Material provided:

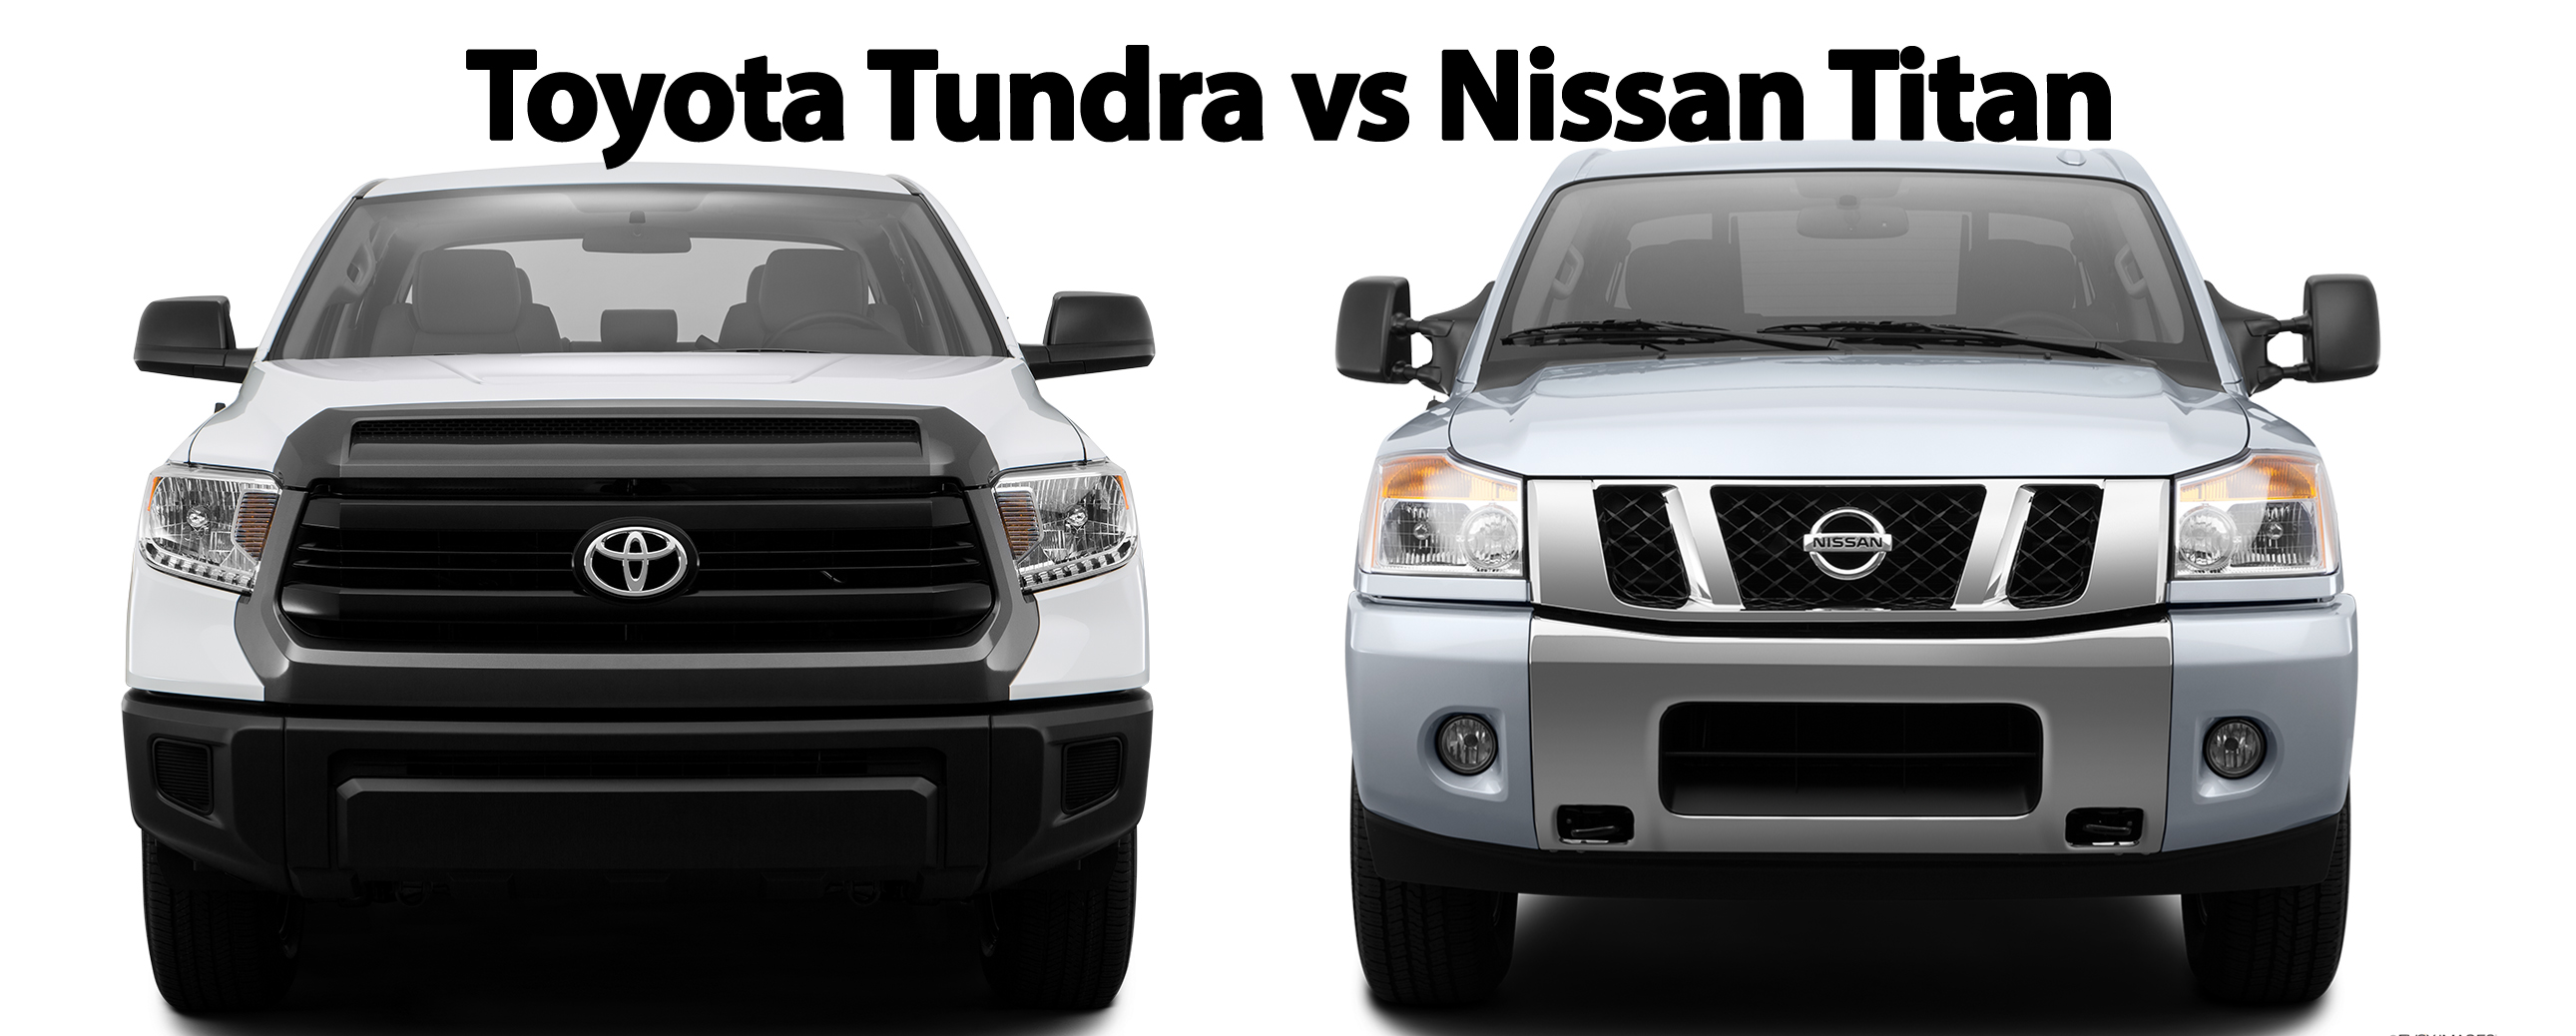 toyota tundra vs nissan titan toyota of ardmore. Black Bedroom Furniture Sets. Home Design Ideas
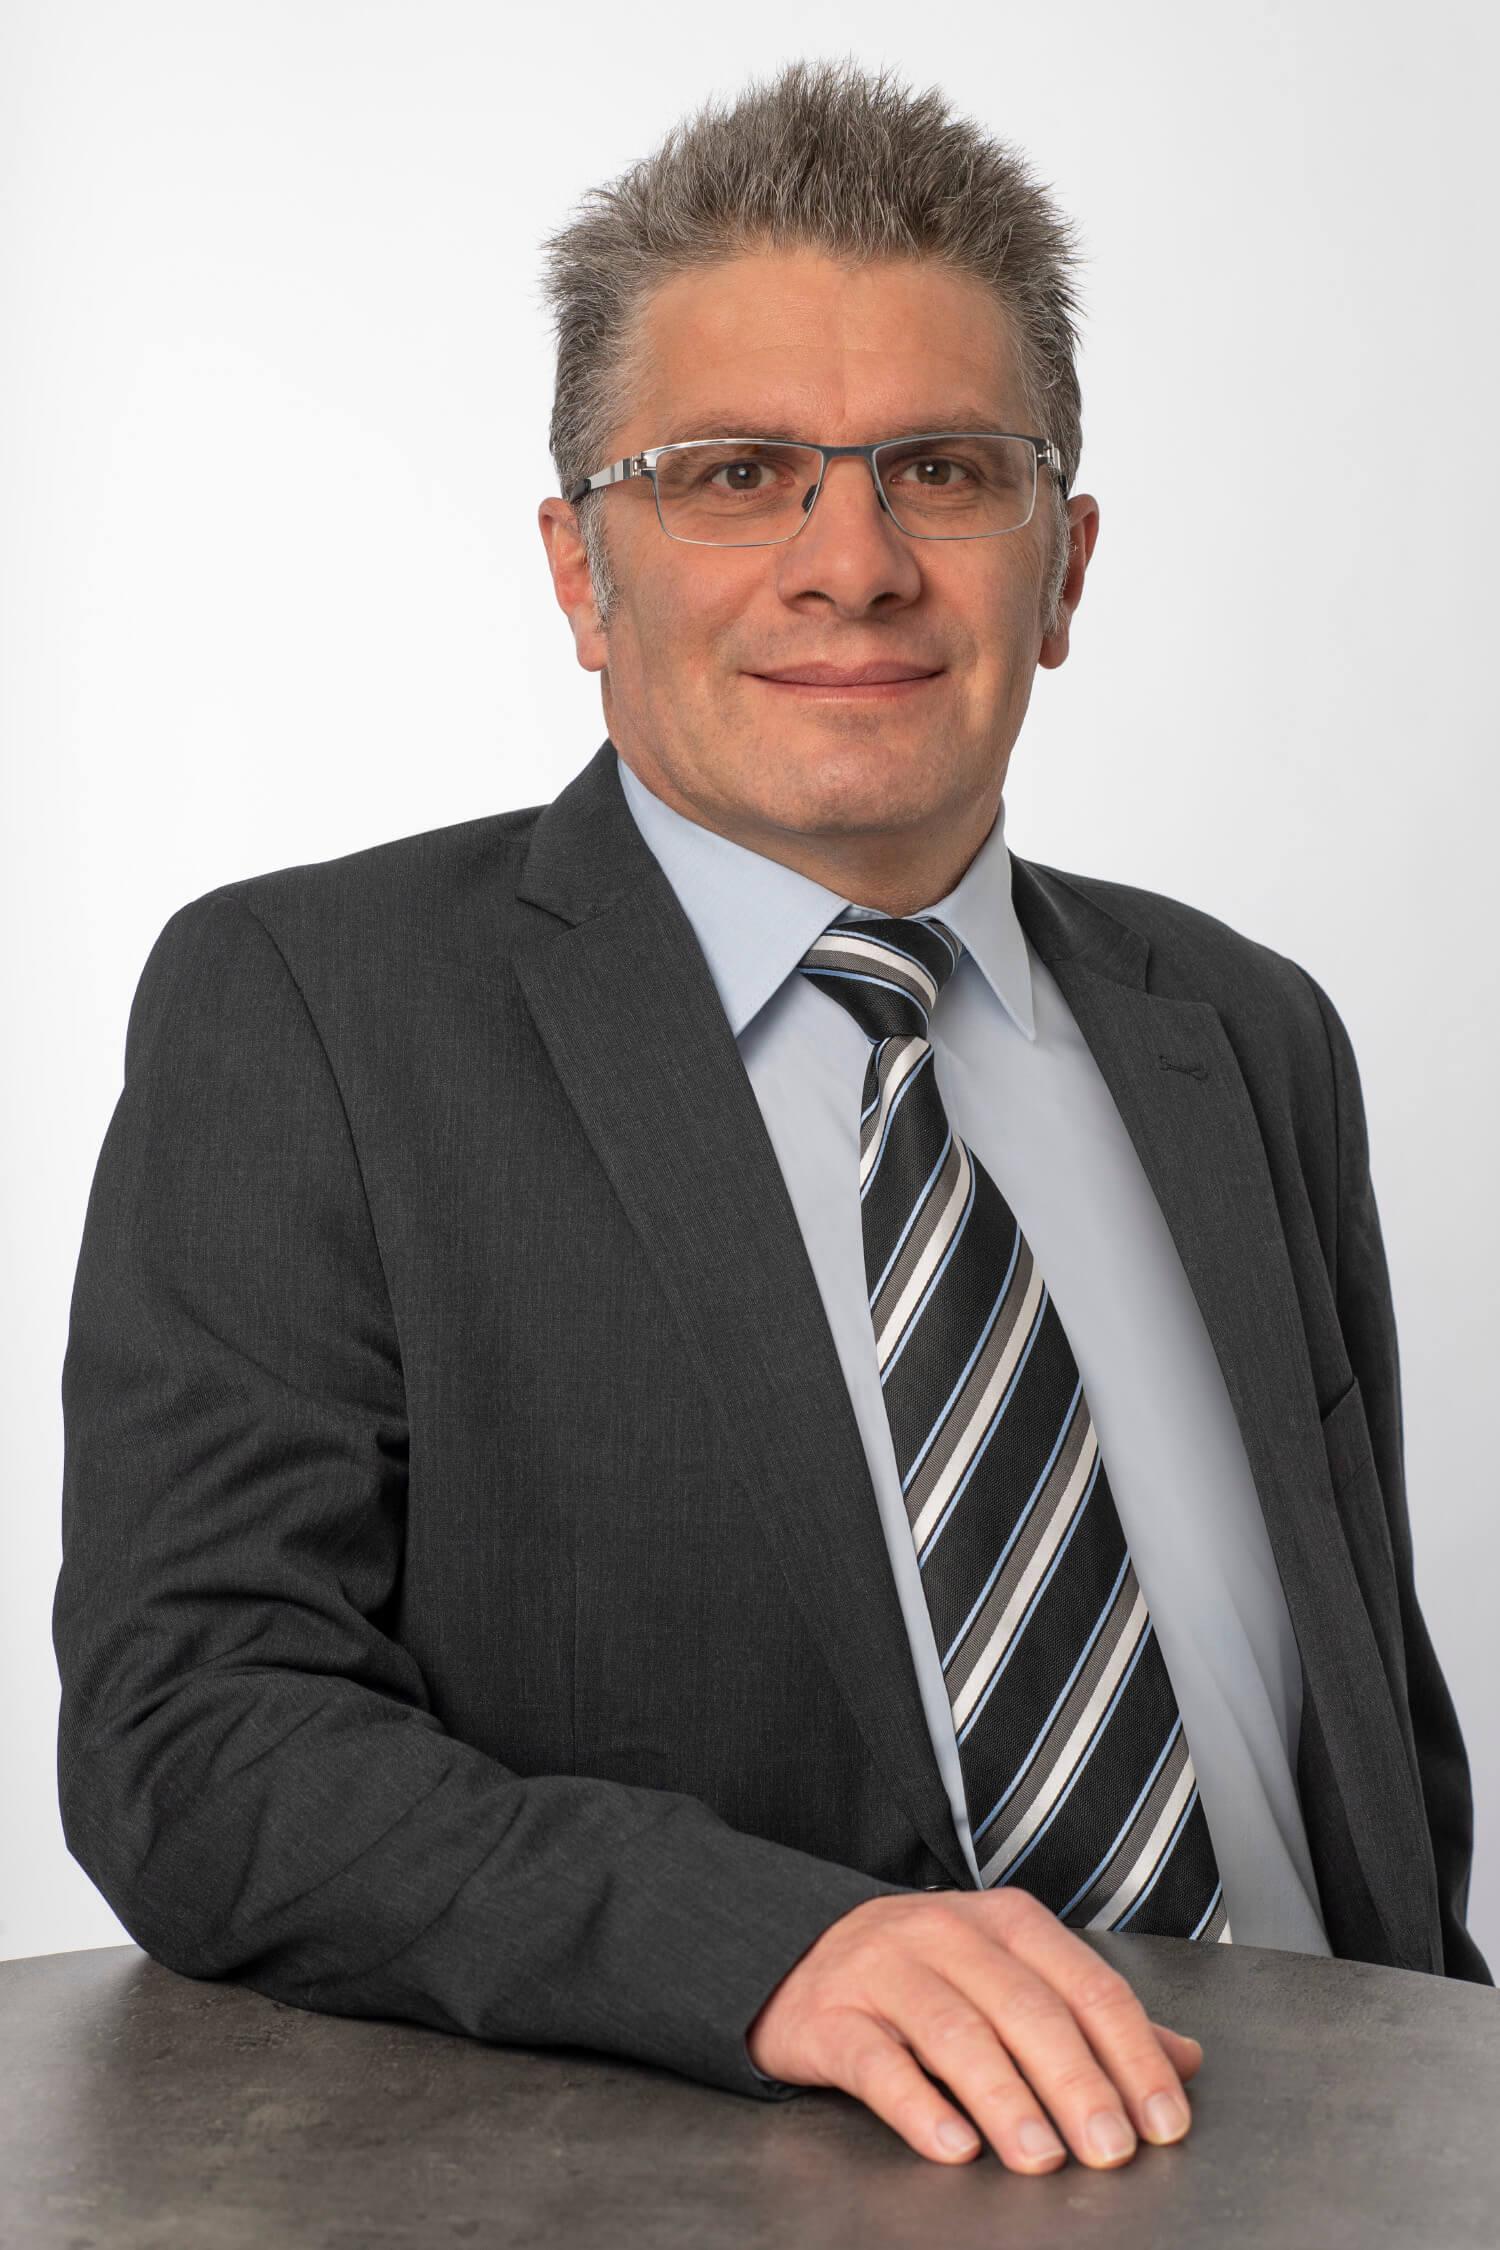 Jacques-Henri Diserens
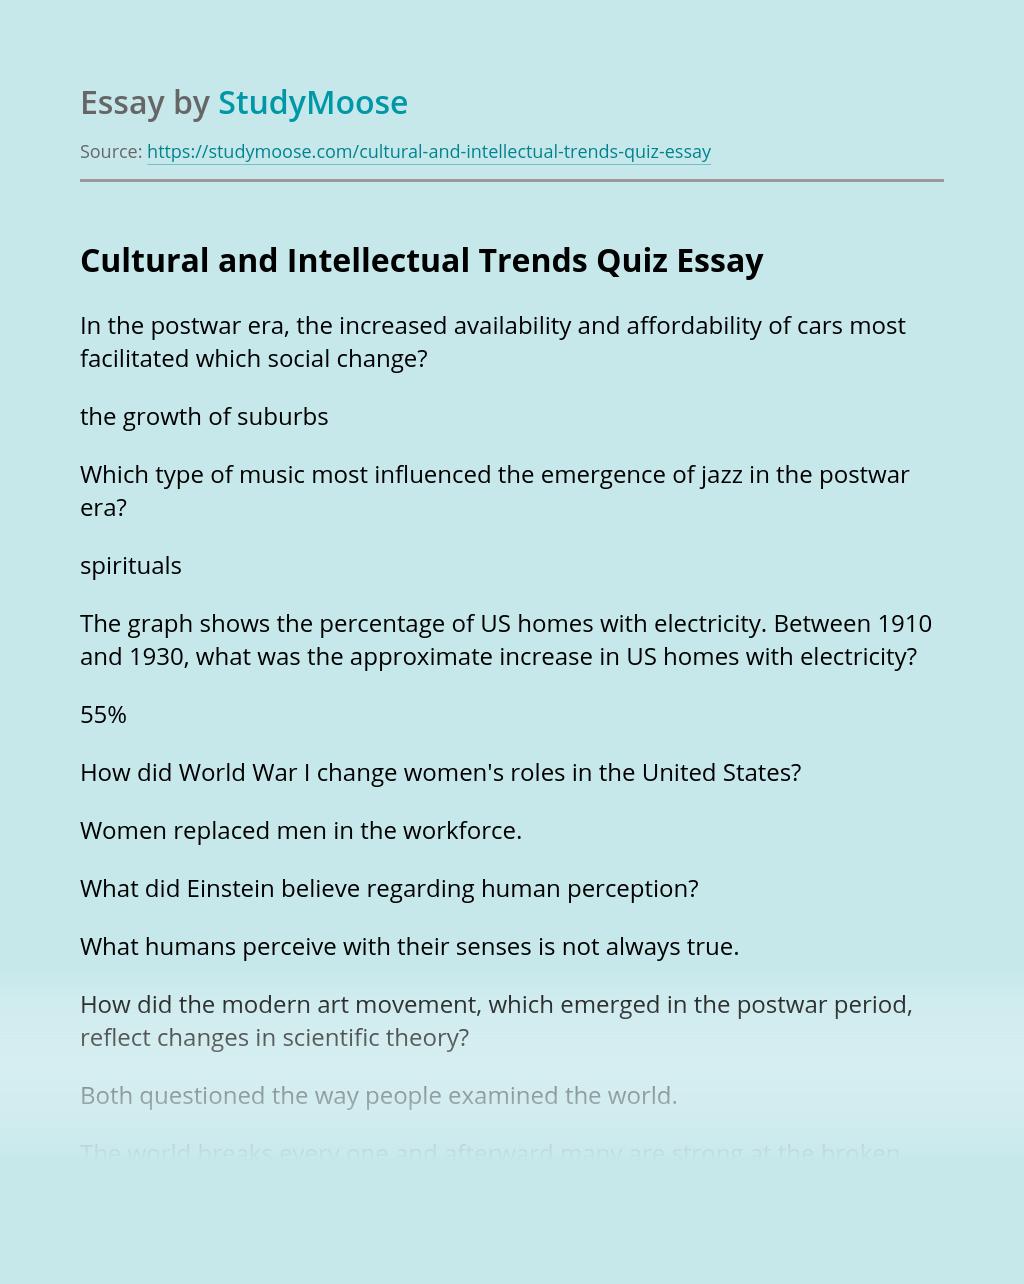 Cultural and Intellectual Trends Quiz
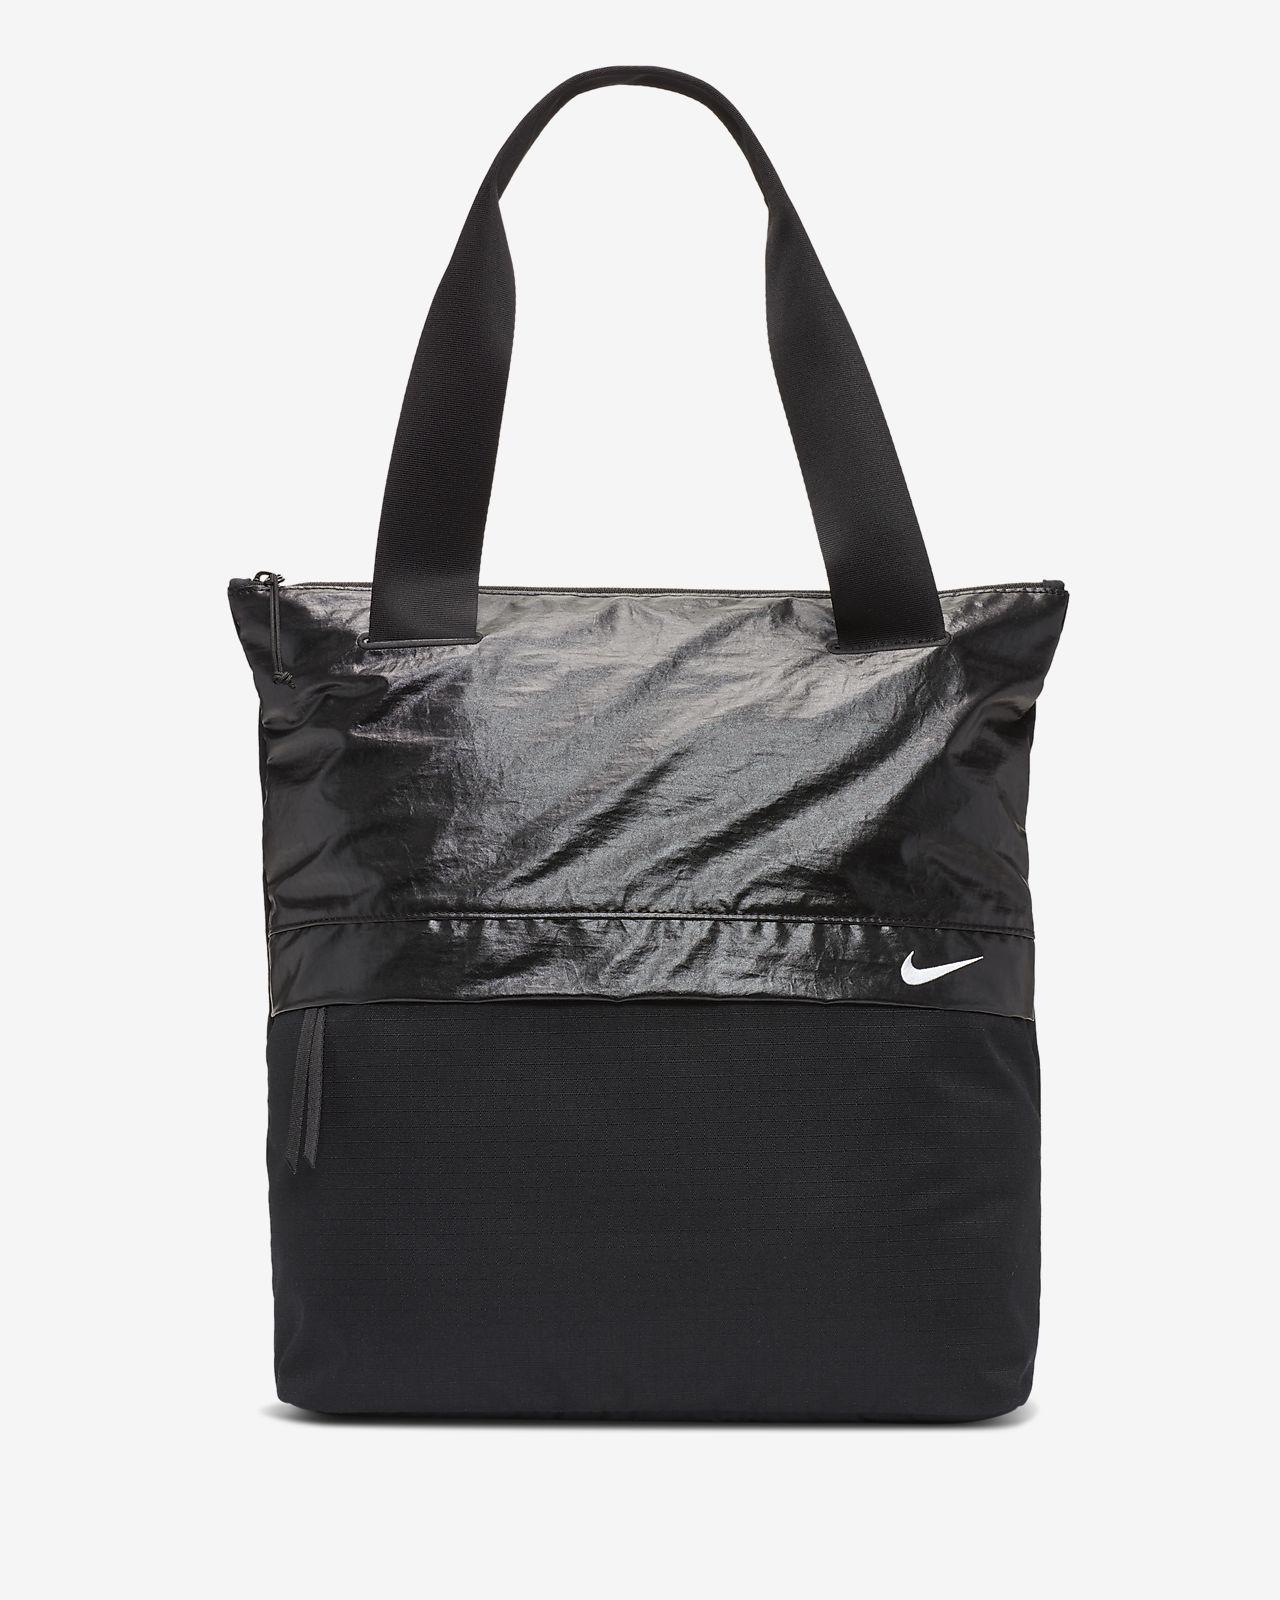 Tote bag de training Nike Radiate 2.0 pour Femme

What to do:
Copy the material above exactly and drop the pictures.

Response area:
 toyota tundra vs nissan titan toyota of ardmore. Black Bedroom Furniture Sets. Home Design Ideas
 Jacques-Henri Diserens
 Cultural and Intellectual Trends Quiz
 Tote bag de training Nike Radiate 2.0 pour Femme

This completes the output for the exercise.